There is limited fun in solidarity. There is no volley of banter. Well, on some occasions I will serve a comment into mid-air and it resonates long enough to impart reflection, but no wise reply comes back. No sport in solidarity either.

There is no emotional embrace in solidarity. I think this one speaks for itself.

So being a single takes some getting used to. I'm not a natural at it.

Ideas in the Shower

I love to think about stuff in the shower; I do my best thinking in there. Don't know if it is the water, or the steam or the sound of the splashing, the feeling that you are consumed in privacy. I get so many random thoughts in the shower. Like this morning, I was thinking about my blog. I feel like I my brain is a colander of thoughts pouring out. This blog is like a bowl to catch all those random thoughts. I was literally making bullet points of my topics. Colander, shower, Alaska....so I wouldn't forget what I wanted to write about.
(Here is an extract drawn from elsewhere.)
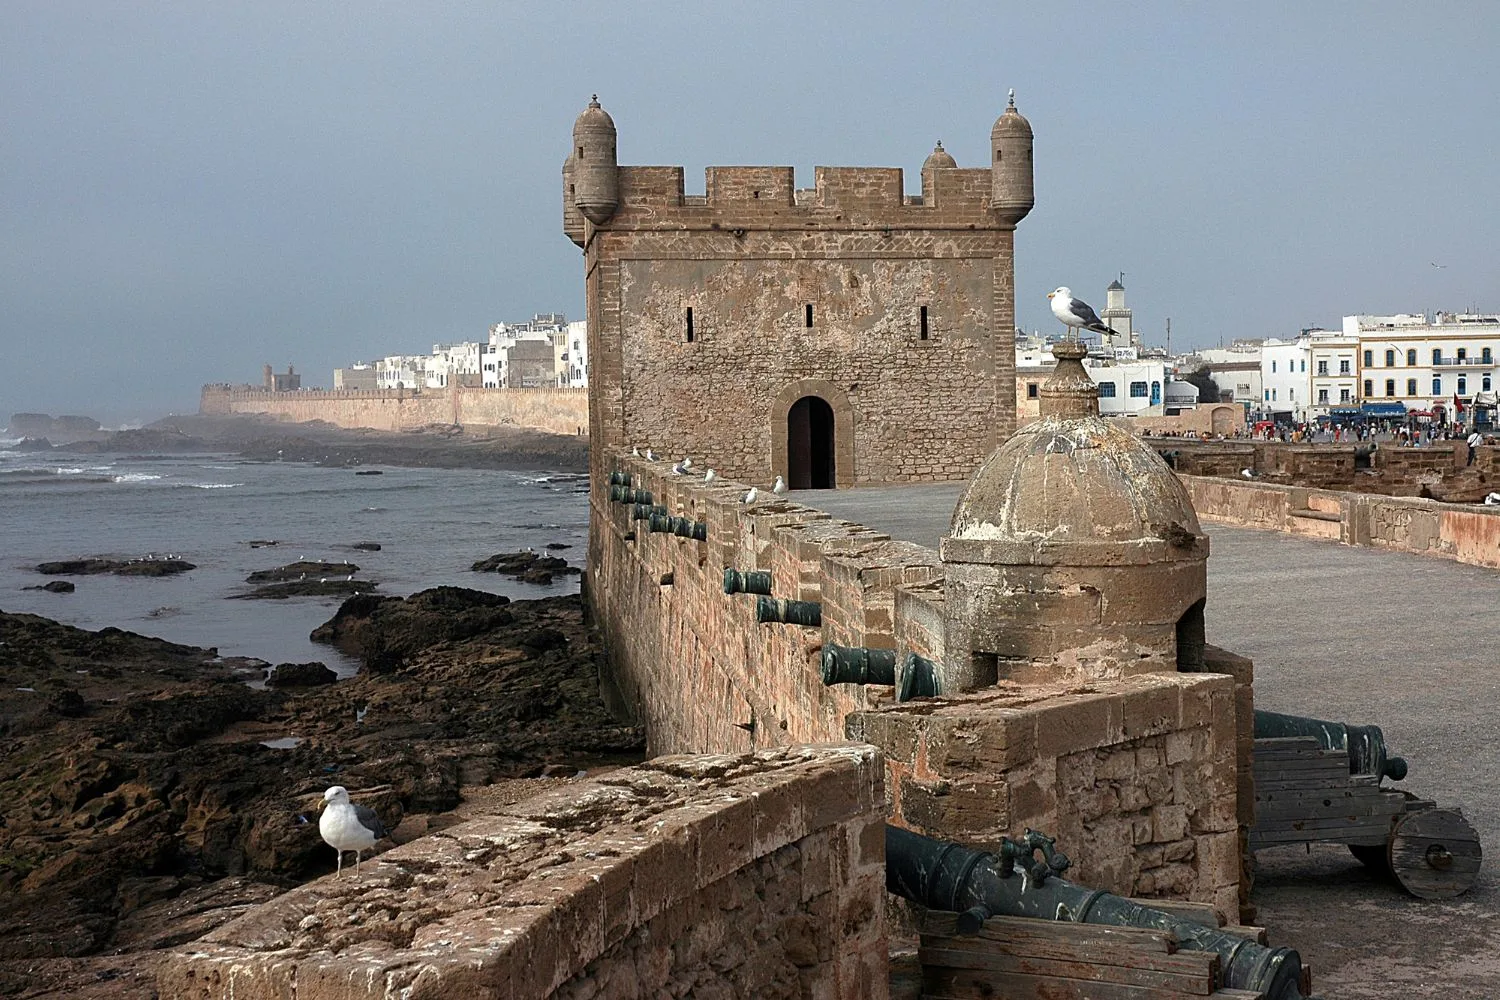 Old Portuguese architecture in Essaouira (Mogador) in Morocco

Then the moment I towel off and step out- my bullet points have left me.

Do you think if I turned on the water and got back in, the thoughts would take up where they left off? Like the way you can pause a DVD....

Geez, the words were so much more fluid in the shower- fluid? Maybe toweling off dried up my thoughts. I will have to try air drying next time I get a shower of random thoughts. Maybe while I evaporate I can still catch those random thoughts as they leave me, instead of brushing them off with a towel.

Wednesday, August 4, 2010

The Inside Passage

Just came back from a remarkable vacation, the last with my daughter. It was a splurge we wont see the likes of for many years, if ever again. We took a cruise to Alaska. I am so glad I got to share this adventure with my best friend.

This trip should be on your list. And be sure to take a helicopter to a glacier field. I cannot even come up with the words to describe this experience. I had never been in a helicopter so that alone in and of itself was an adrenaline rush. Your visual area is open from peripheral edge to edge with windows and the pilot maneuvers in the air so that you can come very close to your scenic target. I kept leaning forward to get closer. This felt like flying. It felt like a bee must feel as he hovers over those landscape details, moving in and out in graceful drives until he lightly rests on the perch of choice.

The topography is flat to mountain to smooth and crevasse peaked to green to black to blue to white. There is so much to see from up there; you cant take it all in on one flight. And I kept saying I wished I had a video camera in my head recording what I saw. None of the photos came close to capturing the color or awesomeness of the scenery.

How fitting that we would mark the nearing of my teen's departure to college with a memorable adventure. The implied incentive, you see, is for her to relish future trips- only to be taken via the salary of success. Study well, focus on a plan, and then put the diploma to task and your earnings will give you lift again.
Taku Ice Fields- Juneau Alaska

Tuesday, July 20, 2010

Why I am blogging?

Where did the idea to 'blog' come from? Fortune cookie? Bazooka gum wrapper? Internet Ad? The monotony of the work week was begging for something with substance. Maybe some creative repose?

One of my passions growing up was creative writing. I dream of being a published writer still today (its on my bucket list)- so this is a good way to get my brain engaged again. Maybe one step closer to that novel...

I guess the blog is in some respects a modern day diary too- only the kind you don't put your thoughts in and hide under the bed. Society is a very open forum today and 'reality TV' is proof that Big Brother is millions of viewers, not one nosy neighbor.

....Sorry I digressed. The monotony and the genius of a girl I work with are the reason for this blog. That and the fact that 1,700 feet of living space is going to seem strangely quiet and lonely in a few weeks when my teen goes off to college. A blog seemed to be the perfect place to address my coming life change and find a healing way to deal with it. And maybe other moms feeling the impeding gloom of an empty nest could find a place to share their thoughts with me. Maybe I can fill some of the nest's emptiness with the wisdom from friends. Birds of a feather flocking together.